Our research selected 15 IMFs for empirical analysis. The C-vine copula model was chosen to analyze the dependence structure of INTE, BANK, and FUND. Then the time-varying t-copula model was introduced to calculate the risk spillover between them. The conclusions obtained are as follows.

Firstly, there is a well-defined risk dependence structure among INTE, BANK, and FUND. Secondly, risk spillovers do exist among the IMFs, their risk spillovers are similar in periodicity, and the risk spillover among different categories has directionality. Thirdly, both INTE-BANK and INTE-FUND show positive correlation in most trading time and both fluctuate a lot, while BANK-FUND has maintained a significant positive correlation during the trading process and has a more stable dependence relationship.

This research sheds some light on the research on the dependence structure and risk spillover of IMFs, and the findings imply that investors should clearly understand that no IMFs can guarantee an absolute return.
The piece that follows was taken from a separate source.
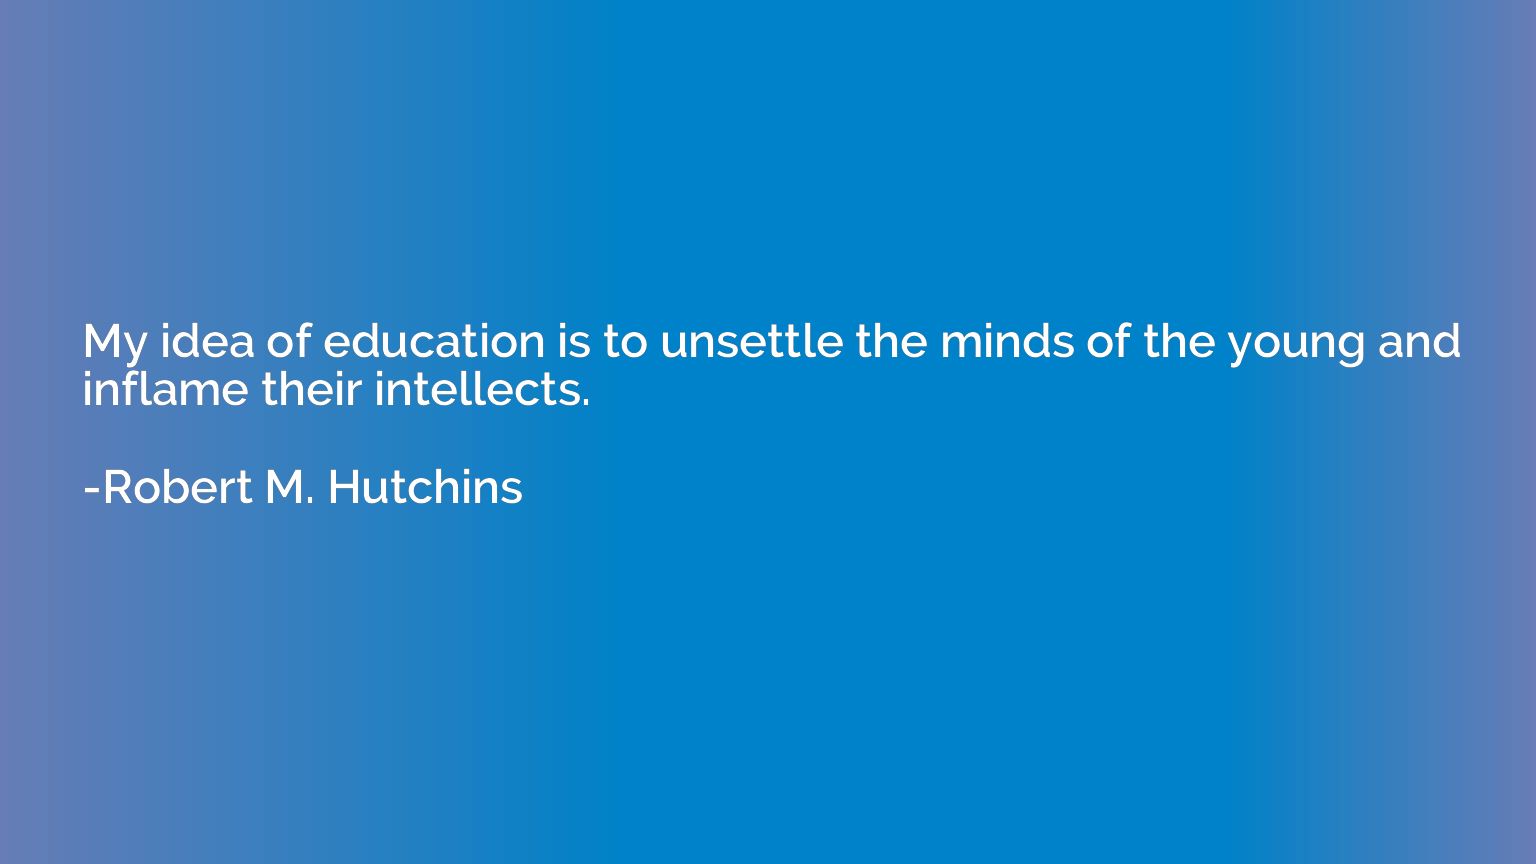 My idea of education is to unsettle the minds of the young a

They should pay attention to the return scale and various risk indicators of IMFs. And investors can further optimize their investment portfolios based on the risk dependence relationship between different IMFs.
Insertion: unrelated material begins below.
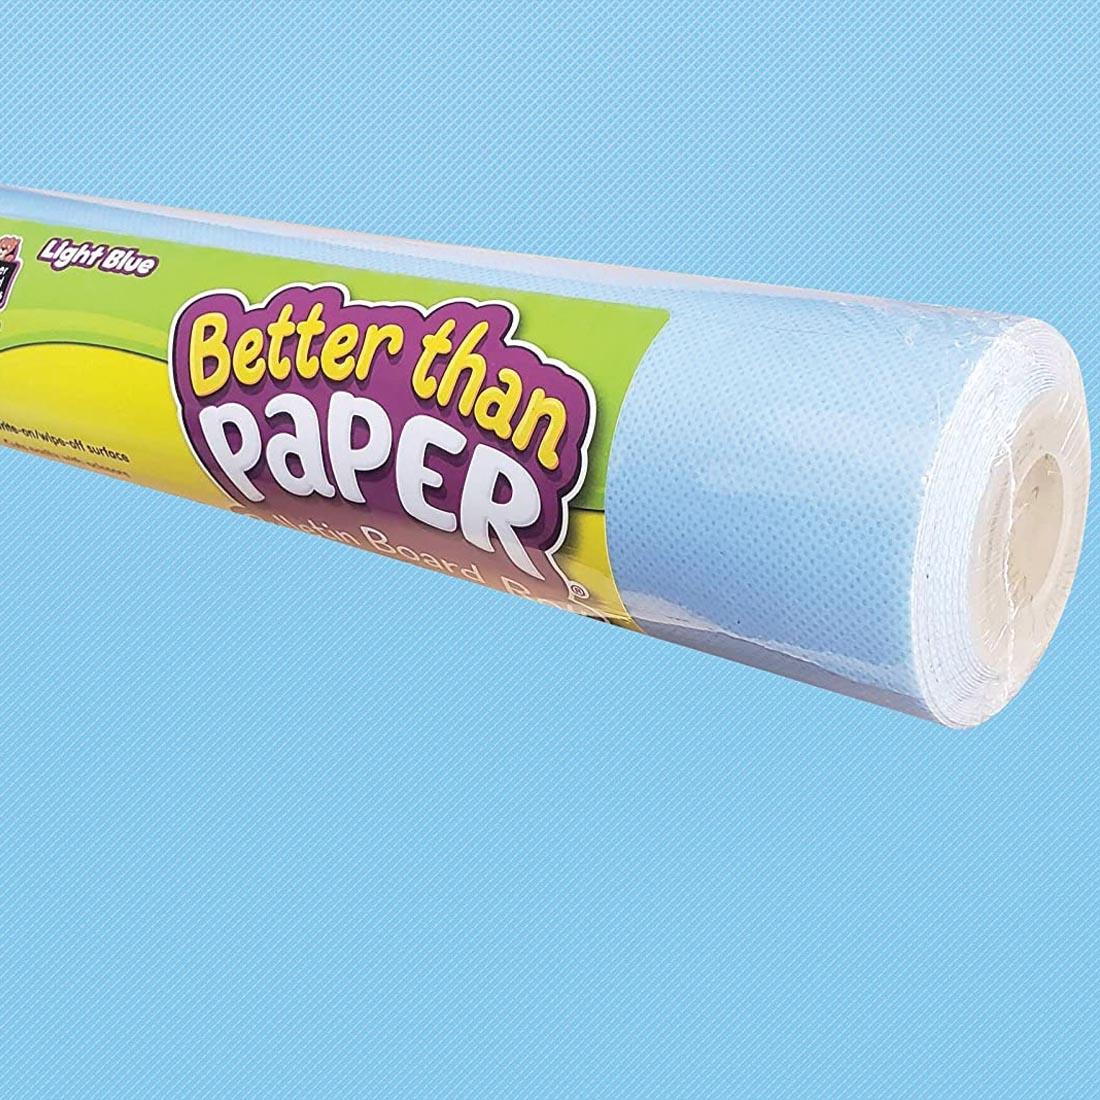 Light Blue Better Than Paper Bulletin Board Roll with it shown in use in the background

Still, there are some limitations to this research. For instance, as we used 15 IMFs for the sample, further expansion of the sample size would be considered to obtain more accurate research results. In addition, we used the C-vine copula and D-vine copula in the empirical test, and we would take more copula functions into account in future research and select the best fitting copula model.

Data Availability

All data used to support the findings of this study are downloaded from the Wind database, and the data used to support the findings of this study are available from the corresponding author upon request.

Conflicts of Interest

The authors declare that there are no conflicts of interest regarding the publication of this research.

Acknowledgments

This research was supported by the National Natural Science Foundation of China (11271007), Shandong Provincial Natural Science Foundation of China (ZR2018BG002), Talent Introduction Fund of Shandong University of Science and Technology (2017RCJJ066), and Shandong Humanities and Social Sciences (19-ZC-JJ-08). In addition, the authors would like to thank Xuan Miao and Zuyu Liu for their help in this research.